Mittlerweile gibt es jedoch Ausnahmen vom Grundsatz der paritätischen Finanzierung durch Arbeitgeber und Arbeitnehmer. So wurde Mitte 2005 in der gesetzlichen Krankenversicherung ein besonderer Beitragssatz in Höhe von 0,9 Prozent eingeführt, den die Arbeitnehmer allein zu tragen haben. Im Gegenzug wurden die Krankenkassenbeiträge generell um 0,9 Prozent gesenkt, so dass im Ergebnis die Arbeitnehmer nun einen um 0,45 Prozentpunkte höheren Beitragssatz zu zahlen haben.

In der gesetzlichen Krankenversicherung werden die Beitragssätze der einzelnen Krankenkassen durch Satzungsbeschluss von den Beschlussgremien der Kassen selbst festgelegt. Diese Beitragssätze müssen allerdings von der Aufsichtsbehörde genehmigt werden. Außerdem sind die Beschlussgremien der gesetzlichen Krankenkassen nicht frei in der Festlegung des Beitragssatzes. In § 220 SGB V heißt es dazu:

(1) Die Mittel für die Krankenversicherung werden durch Beiträge und sonstige Einnahmen aufgebracht. Die Beiträge sind so zu bemessen, dass sie zusammen mit den sonstigen Einnahmen die im Haushaltsplan vorgesehenen Ausgaben und die vorgeschriebene Auffüllung der Rücklage decken. Für die Bemessung sind der Betrag der vorgesehenen Einnahmen um den zu Beginn des Haushaltsjahres vorhandenen Betriebsmittelüberschuss und der Betrag der vorgesehenen Ausgaben um die erforderliche Auffüllung des Betriebsmittelbestandes zu erhöhen.

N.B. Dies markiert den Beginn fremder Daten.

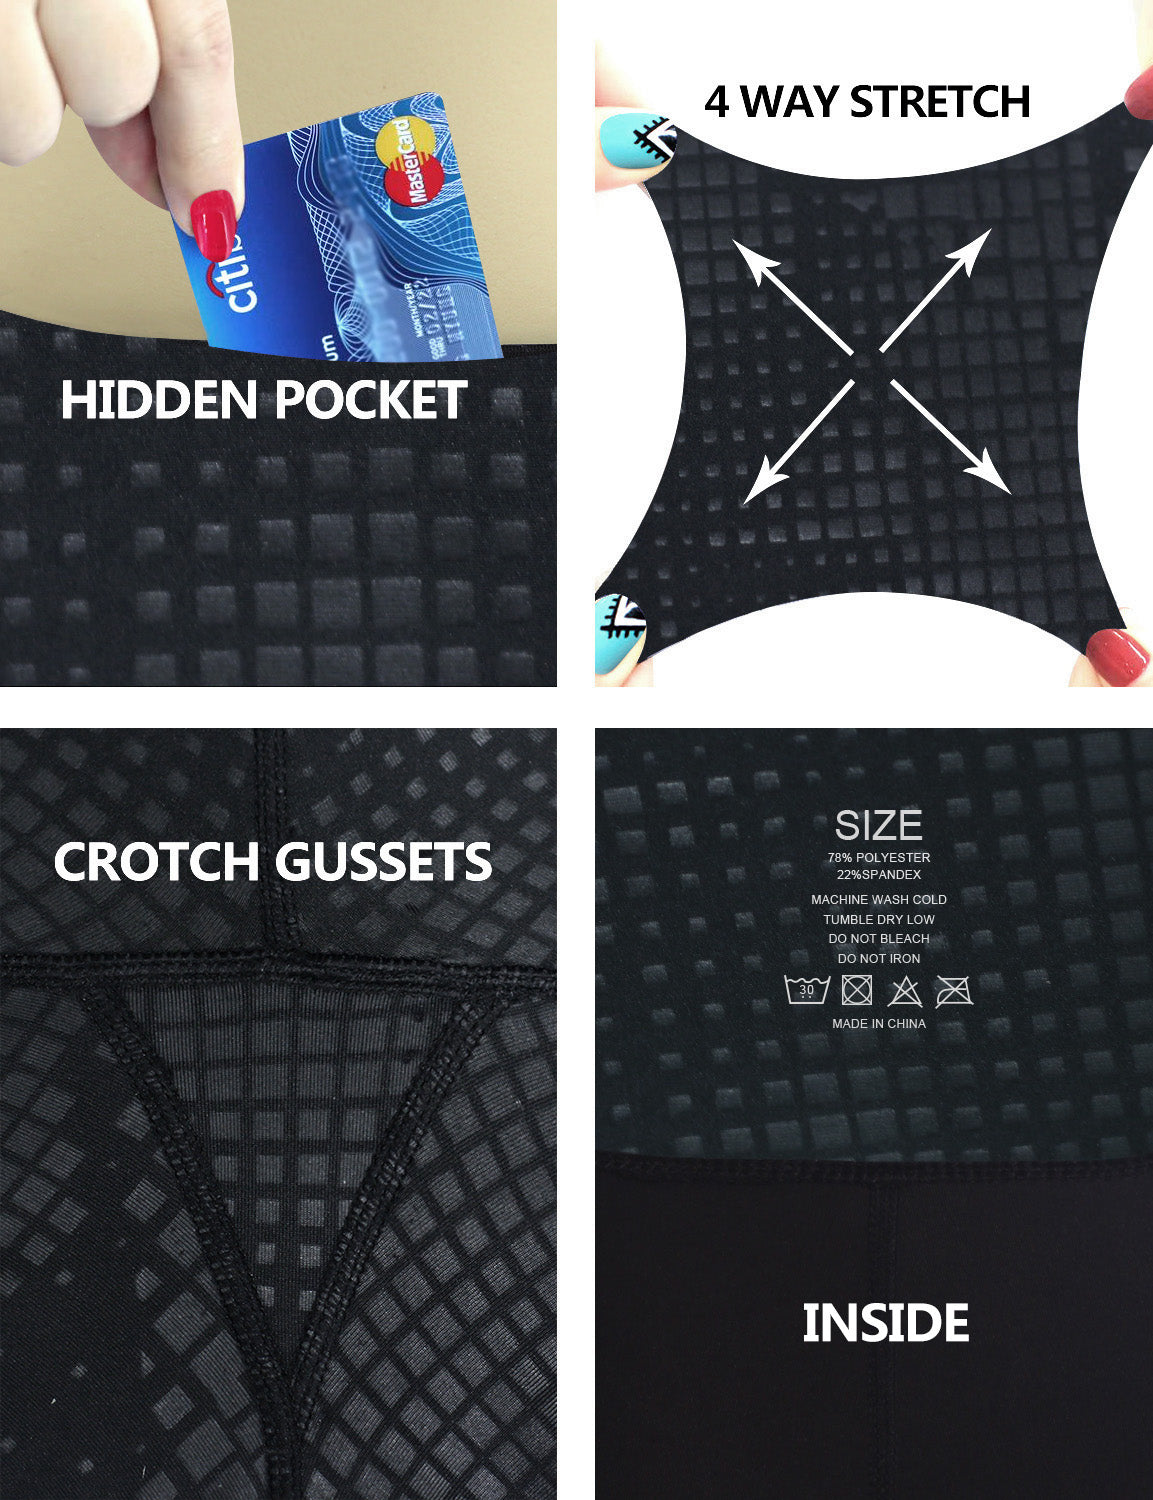 22" inseam 3D Printed Yoga Pants DISCO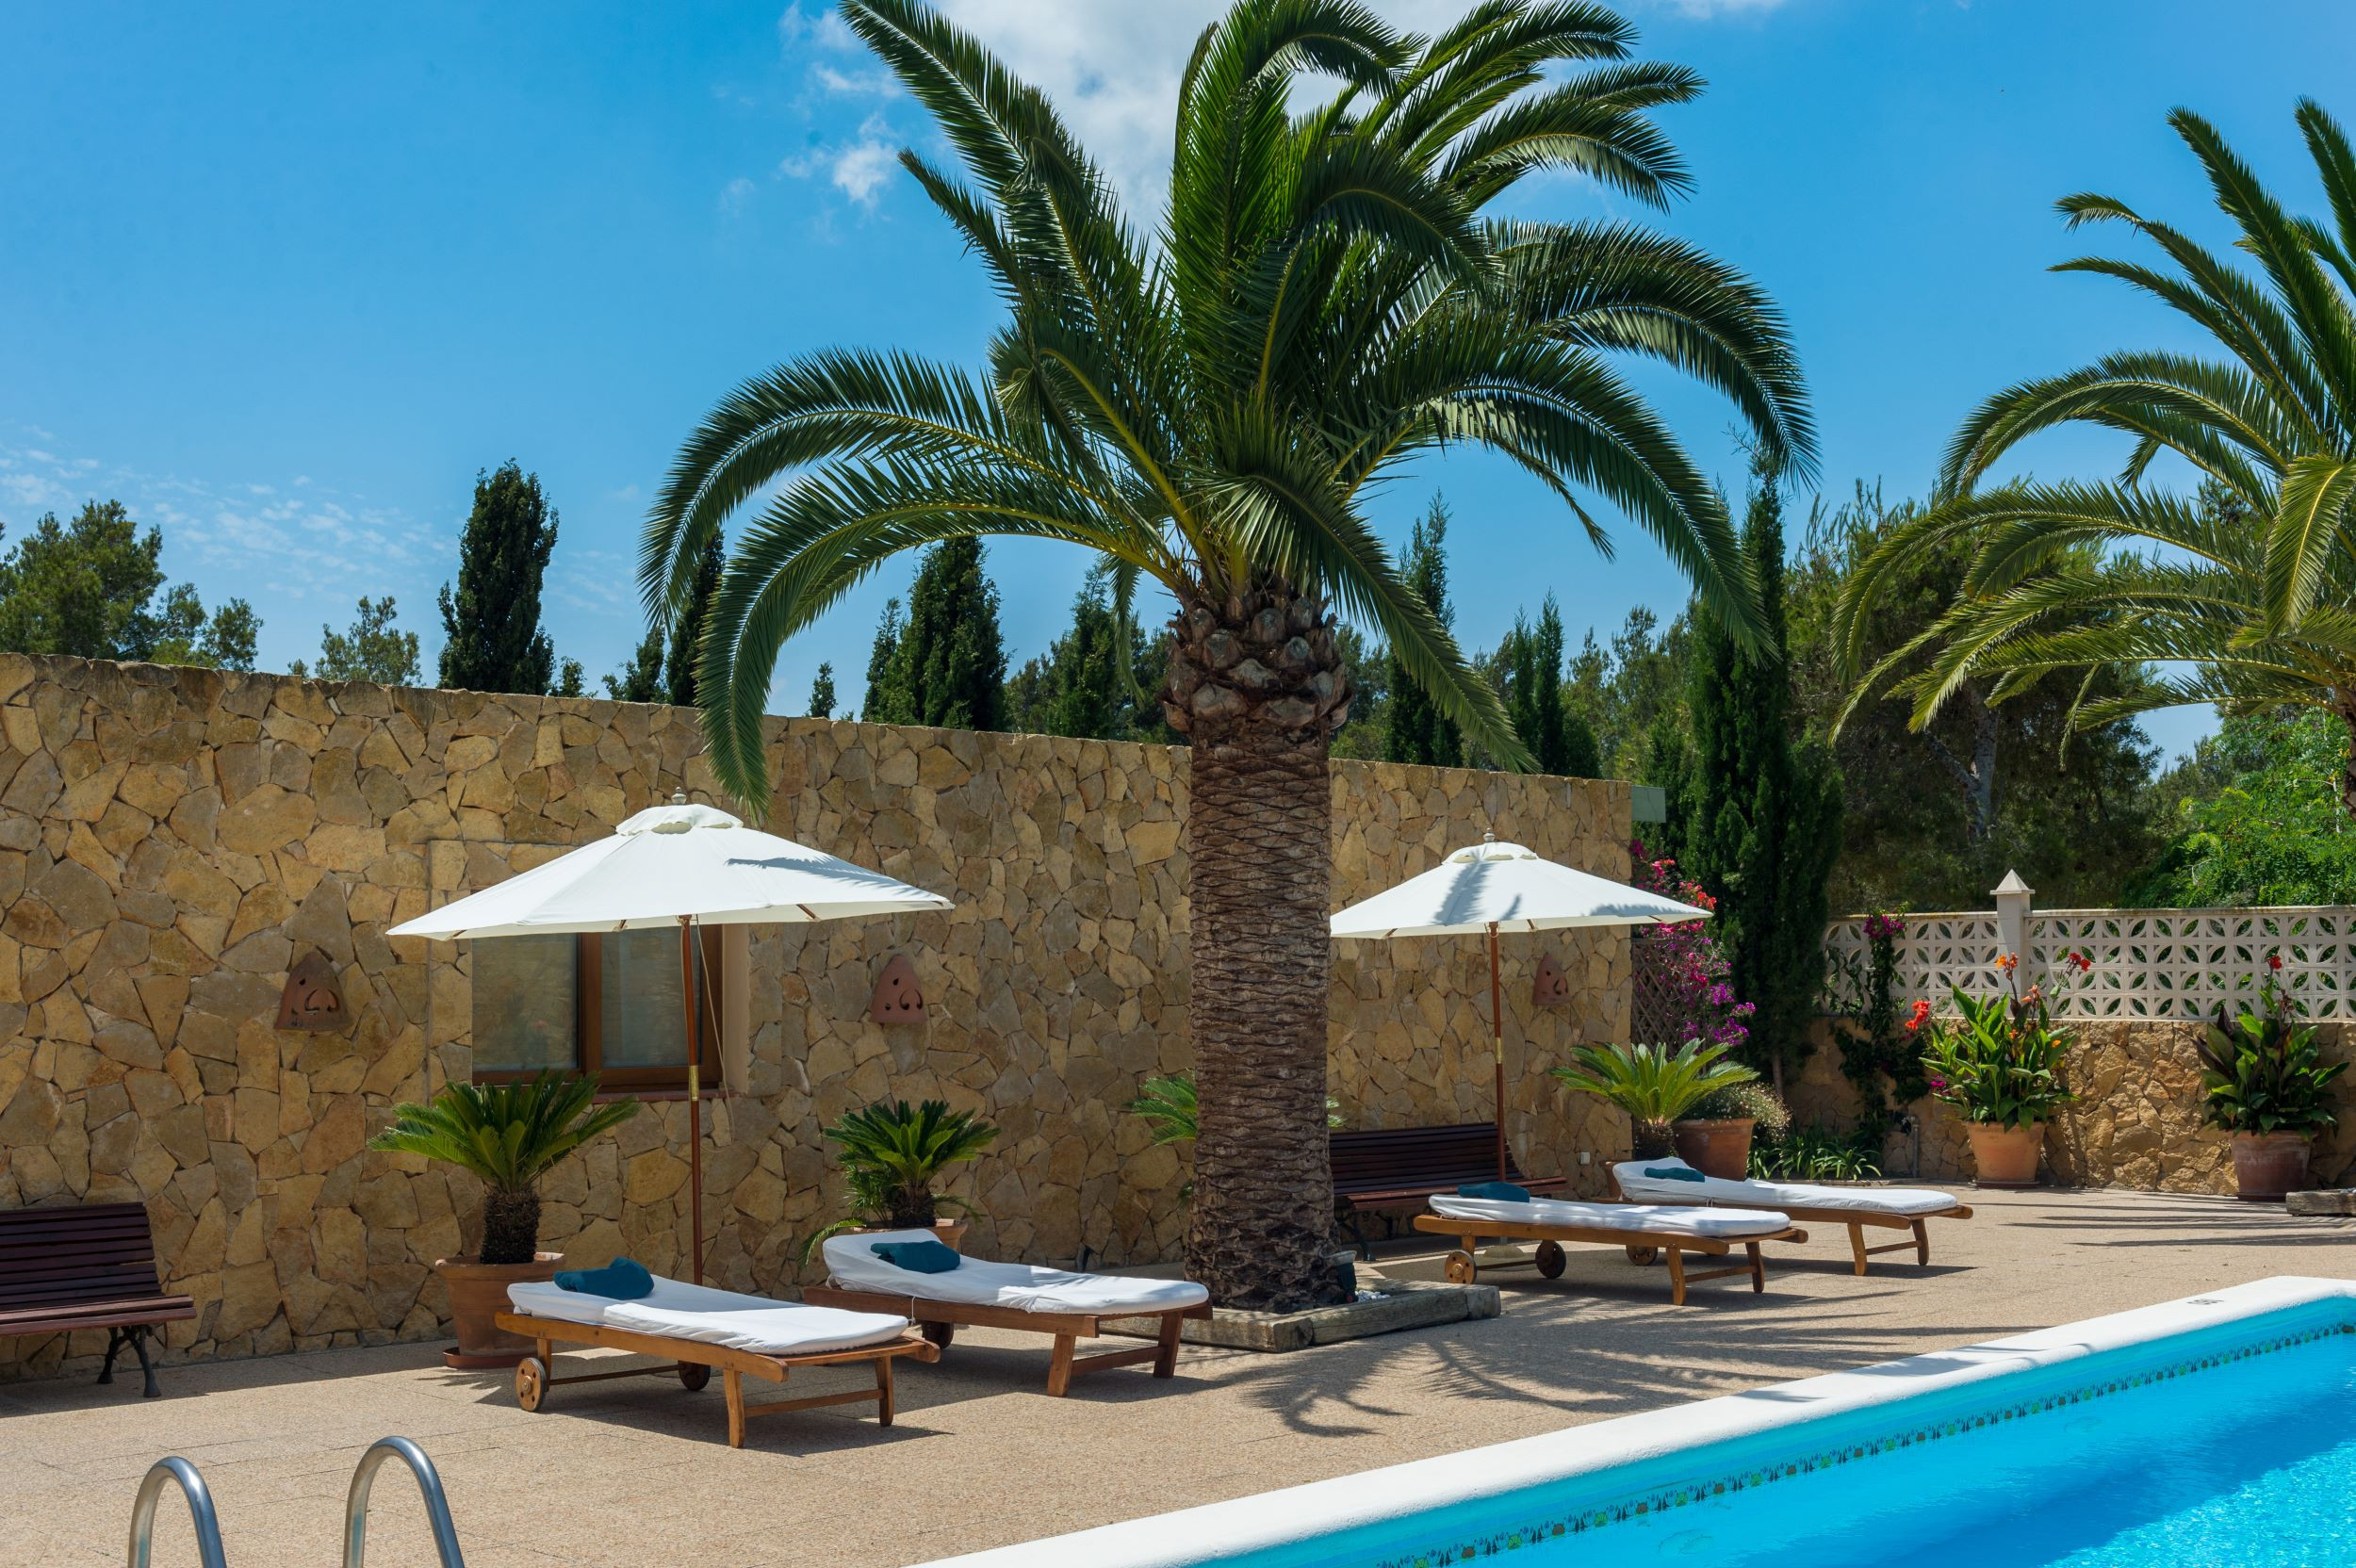 Stijlvolle Spaanse villa Casa Maravilla, met privé zwembad, buitenkeuken en grote tuin met bloemen en planten

(2) Ergibt sich während des Haushaltsjahres, dass die Betriebsmittel der Krankenkasse einschließlich der Zuführung aus der Rücklage und der Inanspruchnahme eines Darlehens aus der Gesamtrücklage zur Deckung der Ausgaben nicht ausreichen, sind die Beiträge zu erhöhen. Muss eine Krankenkasse, um ihre Leistungsfähigkeit zu erhalten oder herzustellen, dringend ihre Einnahmen vermehren, hat der Vorstand zu beschließen, dass die Beiträge bis zur satzungsmäßigen Neuregelung erhöht werden; der Beschluss bedarf der Genehmigung der Aufsichtsbehörde. Kommt kein Beschluss zustande, ordnet die Aufsichtsbehörde die notwendige Erhöhung der Beiträge an.

(3) Übersteigen die Einnahmen der Krankenkasse die Ausgaben und ist das gesetzliche Betriebsmittel- und Rücklagesoll erreicht, sind die Beiträge durch Änderung der Satzung zu ermäßigen.


Ab Anfang 2009 gilt für die Festsetzung der Krankenkassenbeiträge im Zusammenhang mit der Einführung des Gesundheitsfonds eine durch das GKV-Wettbewerbsstärkungsgesetz (GKV-WSG) eingeführte Neuregelung: Von diesem Zeitpunkt an setzt die Bundesregierung per Rechtsverordnung den einheitlichen allgemeinen Beitragssatz in der gesetzlichen Krankenversicherung fest. Erforderliche Veränderungen des allgemeinen Beitragssatzes werden künftig in der Regel jeweils bis zum 1. November eines Jahres mit Wirkung vom 1. Januar des Folgejahres festgelegt. Der Beitragssatz wird nach den gesetzlichen Vorschriften erhöht, wenn die voraussichtlichen Einnahmen des Gesundheitsfonds die voraussichtlichen Ausgaben der Krankenkassen im laufenden und im Folgejahr nicht zu mindestens 95 Prozent decken. Umgekehrt wird der Beitragssatz gesenkt, wenn eine Deckungsquote von 100 Prozent überschritten und bei einer Senkung des Beitragssatzes um mindestens 0,2 Beitragssatzpunkte die Deckungsquote 95 Prozent im laufenden Jahr voraussichtlich nicht unterschritten wird.

Neben dem Krankenkassenbeitrag müssen die Krankenkassen nach der Einführung des Gesundheitsfonds unter bestimmten Bedingungen zusätzlich einen Zusatzbeitrag erheben.